The best moments for me were when I was running behind someone who saw their family/friends on the side of the road. The excitement and cheering at seeing their supporters made me so happy (and of course, emotional).
What were your thoughts at the end?
#1 Holy shit, thank God it is over
#2 Heavy Crying. Like uncontrollable sobbing.
#3 Text my dad and tell him how bad I am hurting in this moment and how horrible parts of the race were to remind me the next time I say I want to run a marathon.
What was the most surprising thing about the marathon?
How many people there were.
I knew there were going to be 50,000 or so runners. But I didn’t realize how many other people it took for the marathon to function. Every water station had at least 100 volunteers. There were medical stations, police officers, sanitation workers, bus drivers — all working together to make this event run smoothly. Then of course the amount of spectators…it was incredible!
This race had every kind of person (race, nationality, age, gender, orientation) co-mingling in a safe and friendly environment. It really made me think about how good people are in this world.
What did you like about the NYC marathon, and would you do it again?

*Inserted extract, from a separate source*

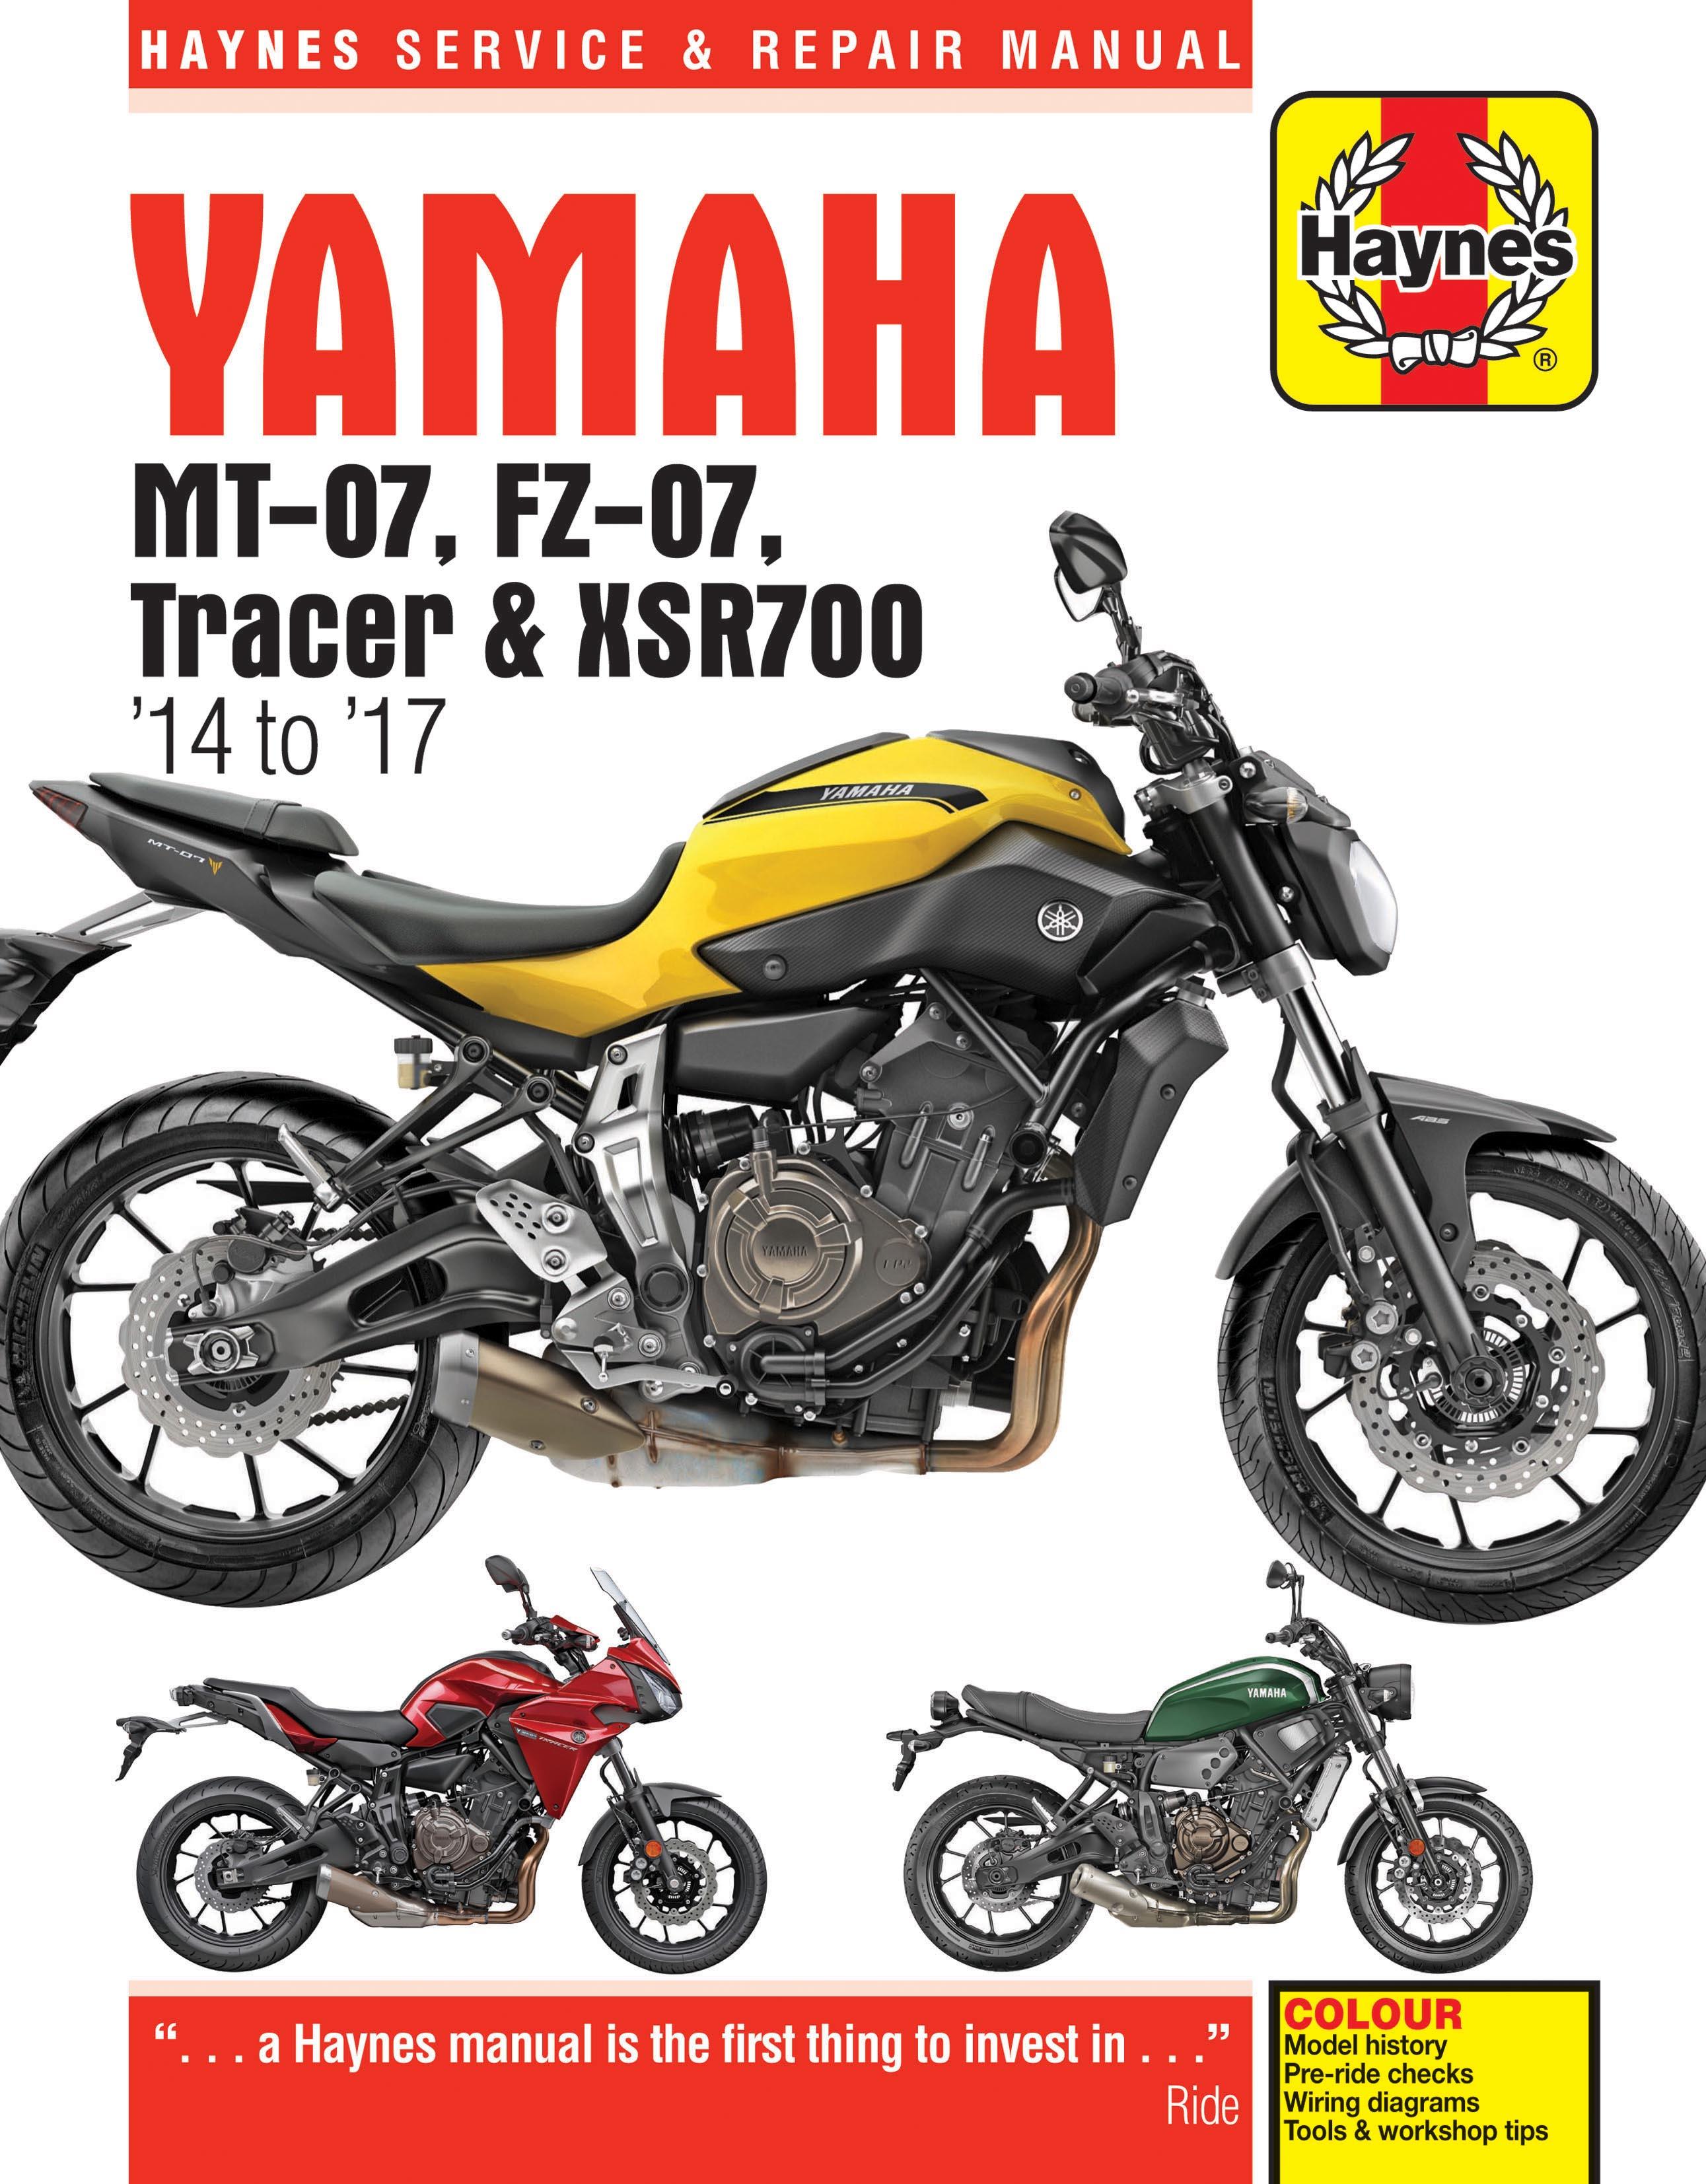 Yamaha MT-07,  FZ-07,  MT-07TR Tracer & XSR700 (14-17) Haynes Repair Manual

So, one of my immediate thoughts when finishing was, “I will never run a marathon again.” But after finishing and reflecting, I will definitely run a marathon again. I would do the NYC marathon again, but also want to experience other cities around the world and see how those marathon experiences compare.
What destination fitness event do you have planned next?
I’m running a 10k in Seoul, South Korea in March.
What top tip would you give someone who is traveling to compete in a marathon?
- Give yourself enough time before AND after the marathon to do all of the things you want to do in the city you are visiting.
- Look up and around. Use the marathon as a time to see some new (or old) sights. Let the scenery motivate you to keep going!
- Don’t forget to bring your body glide…you can never have enough!
Have you ever traveled for a race? What was it and what was it like?!